How image resolution works

text
"http(s)://..."          → passed through as a URL
  "data:image/...;base64," → passed through unchanged
  existing local path      → read, base64-encoded, wrapped as
                             data:<detected mime>;base64,<bytes>
  raw base64 (≥ 16 chars)  → wrapped as data:image/png;base64,<bytes>
  anything else            → image_not_found error

MIME inference uses the file suffix (.png, .jpg/.jpeg, .gif, .webp) with mimetypes as a fallback. Unknown suffixes default to image/png.

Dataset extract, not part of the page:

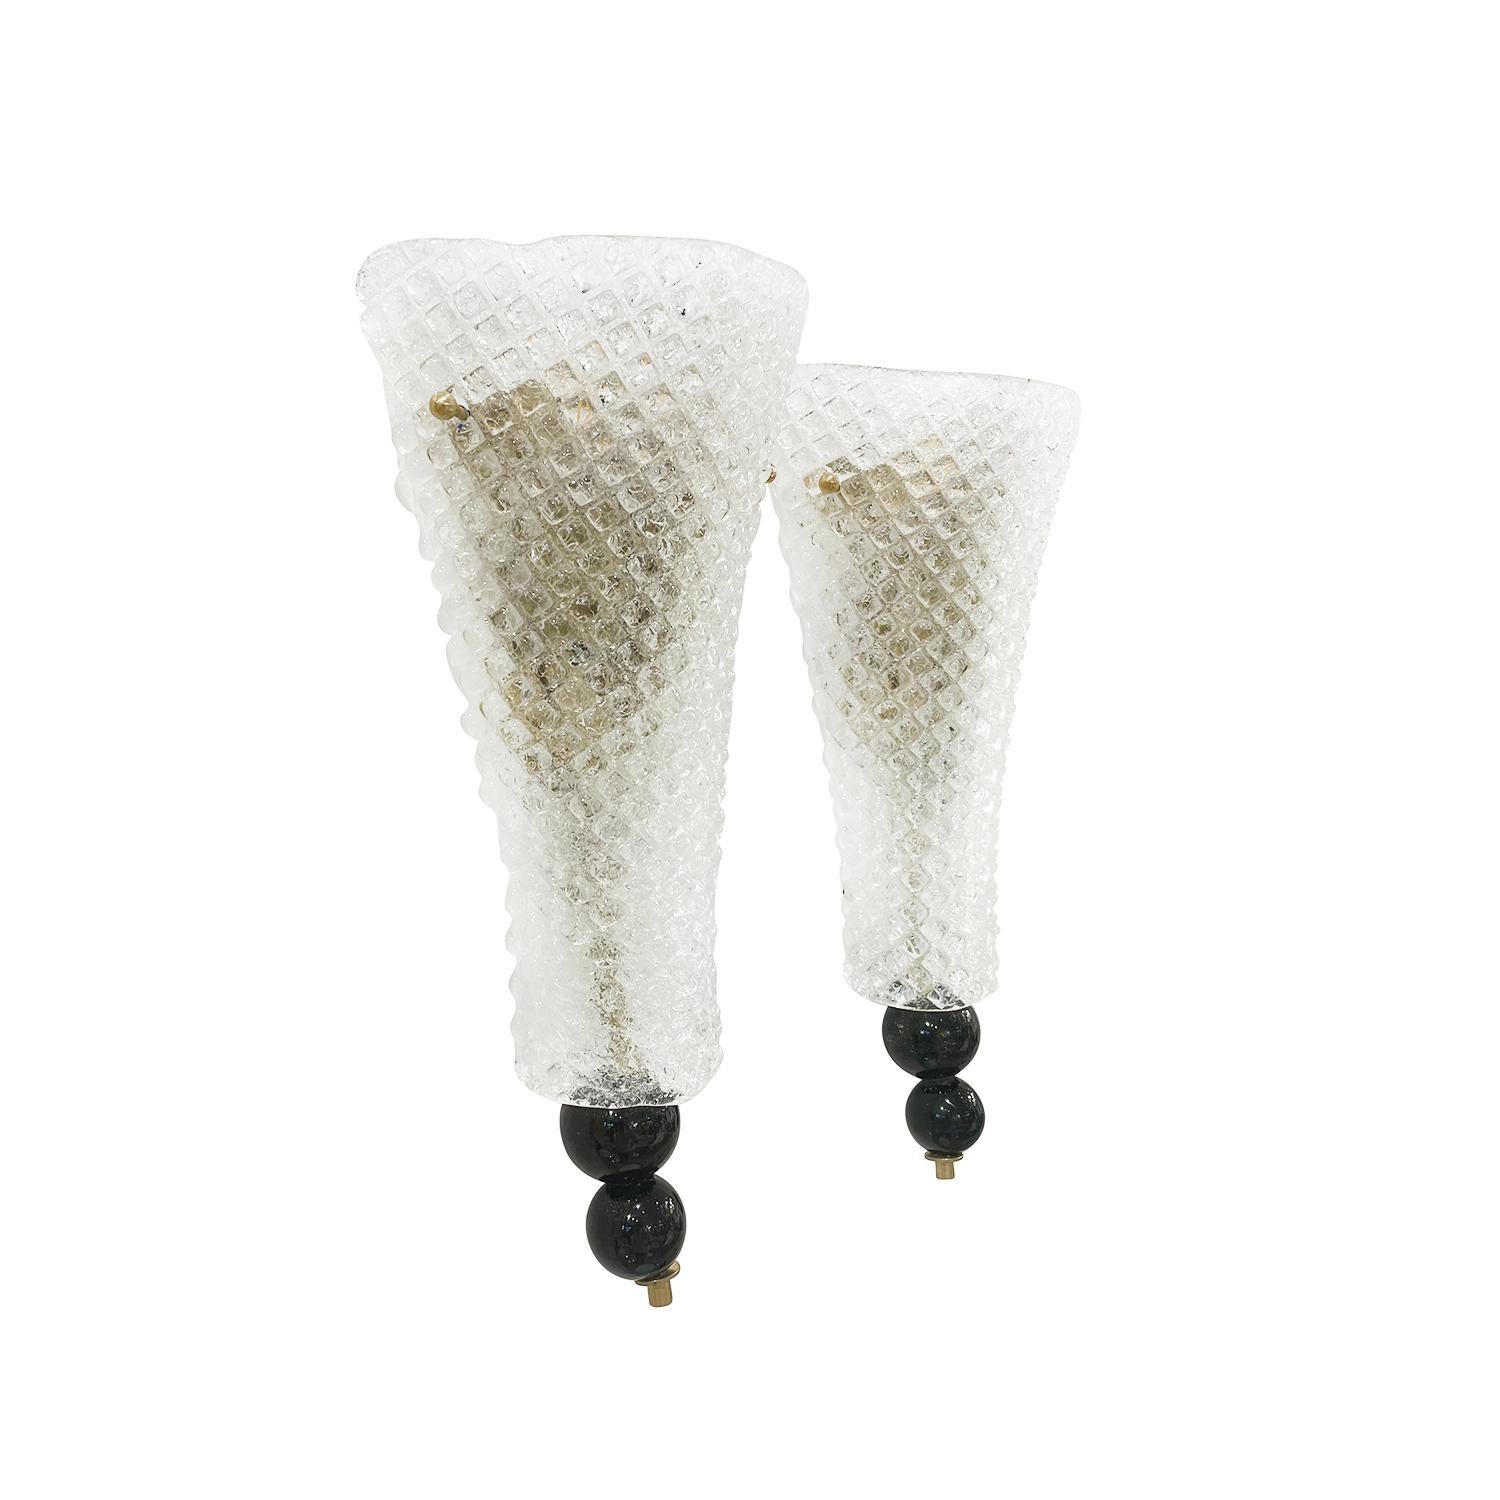 Paire de petites appliques tulipes en verre de Murano fumé, soufflé à la main, en bon état. Chacune des appliques est caractérisée par deux sphères noires qui sont soutenues par une tige flexible en laiton, dotée d'une douille à deux lumières. Les

As a tool handed to an agent

python
from shipit_agent import Agent
from shipit_agent.llms import OpenAIChatLLM
from shipit_agent.tools.vision import VisionTool
from shipit_agent.tools.computer_use import ComputerUseTool

llm = OpenAIChatLLM(model="gpt-4o")
agent = Agent(
    llm=llm,
    tools=[ComputerUseTool(), VisionTool(llm=llm)],
    prompt=(
        "You are a desktop automation agent. Use computer_use to take "
        "a screenshot, then vision to describe what's on screen before "
        "deciding the next action."
    ),
)
agent.run("Is there a Login button on the current window? If yes, click it.")

Output shape

python
ToolOutput(
    text="<the LLM's analysis>",
    metadata={
        "provider": "vision",
        "model": "gpt-4o",             # from llm.model
        "usage": {...},                # whatever the adapter returns
        "detail": "high",
        "image_url": "data:image/png;base64,...",
    },
)

The underlying Message has content set to a human-readable "<prompt>\n\n[image_url: ...]" string (so non-vision adapters still see something useful) and stashes the structured parts list on metadata["parts"] for vision-aware adapters to consume.

Error shapes

error=MeaningWhat to do
no_llmNo LLM was resolvable from VisionTool(llm=...) or context.state["llm"]Pass an LLM adapter.
bad_inputimage was missing or not a stringSupply a string path / URL / data URL / base64.
image_not_foundPath-shaped string didn't exist, URL was malformed, or base64 failed the sanity checkVerify the file exists, or check the URL, or confirm the base64 string is ≥ 16 chars of the base64 alphabet.